Csf1r gene encodes the receptor for colony stimulating factor 1. The colony stimulating factor 1 (Csf1) is a cytokine which controls the production, differentiation, and function of macrophages. This receptor mediates most of the biological effects of this cytokine. After a peripheral nerve lesion, the neuron undergoes a number of degenerative processes, the so-called Wallerian degeneration, followed by attempts at regeneration. Breakdown of the axon distal to the site of injury is initiated 48 to 96 h after transection. Deterioration of myelin begins, and the axon becomes disorganized. Macrophages, as immune cells, gathered around the damaged areas can phagocytose myelin and axonal debris  which is conducive to decrease inflammatory immune response[54–56], as well as promoted axonal regeneration by releasing a large number of regeneration related factors, including extracellular matrix proteins, growth factors, cytokines and chemokines[31, 57–59]. Our results indicate that the combination of FMSPs and magnetic field can improve the biological function of Csf1 cytokines by up-regulating the expression of Csf1r gene, and in turn contribute to axonal regeneration through Csf1 dependent macrophages activation .

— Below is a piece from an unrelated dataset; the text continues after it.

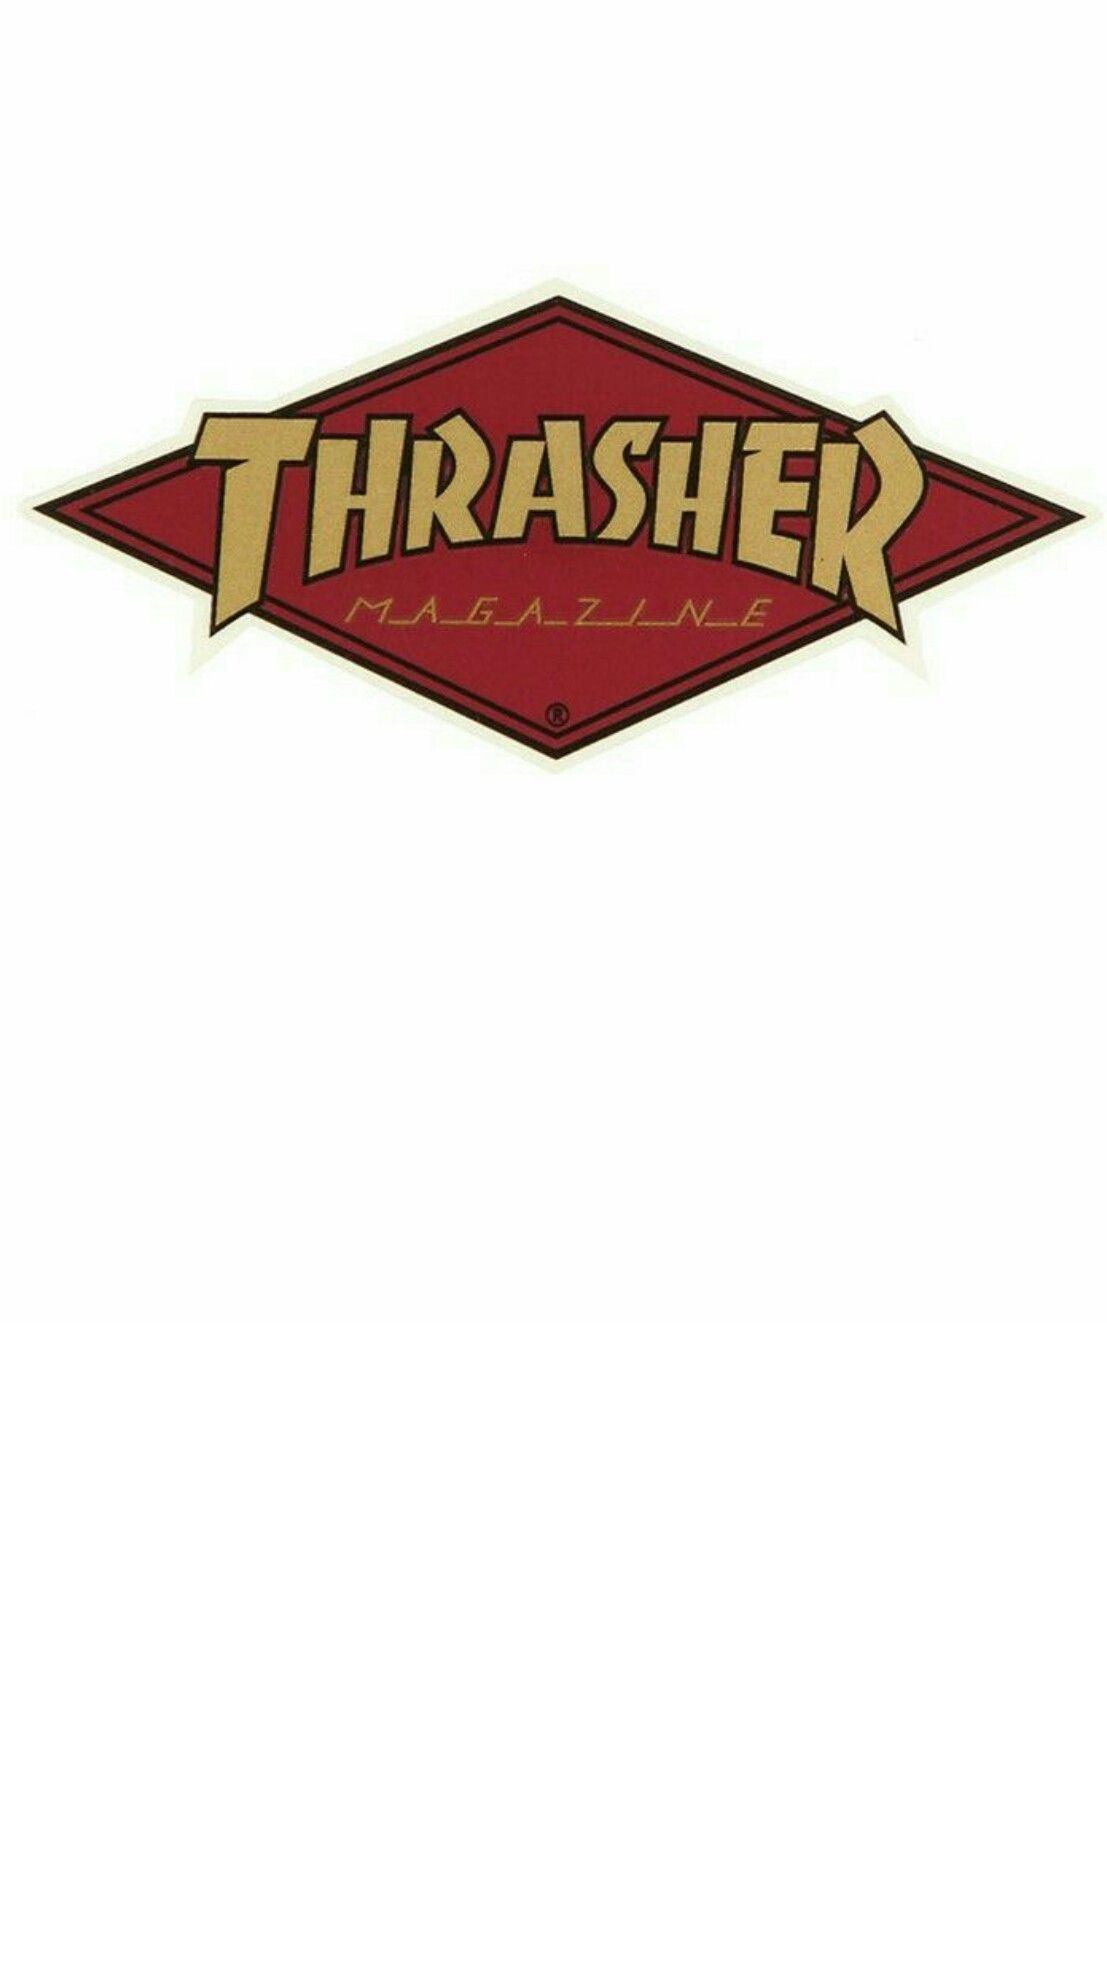 1107x1965 Thrasher Skate Usa Black Wallpaper Android Iphone

Ppp1r1c gene encodes protein phosphatase 1 (PP1) regulatory inhibitor subunit 1C, belongs to a group of PP1 inhibitory subunits that are themselves regulated by phosphorylation. PP1 is a major serine/threonine phosphatase that regulates a variety of cellular functions and play a critical role in the regulation of neuronal morphology. PP1 is proved to promote axonal growth by dephosphorylation of the microtubule-associated proteins . However, Ppp1r1c as an up-regulated gene, contribute to the development of axon growth in the current study. The possible reason of this seemingly contradictory effect may be heterogeneity of samples between different experiments. There are few Ppp1r1c studies associated with axon growth. Thus, the potential molecular mechanism of Ppp1r1c for axon growth needs more evidences.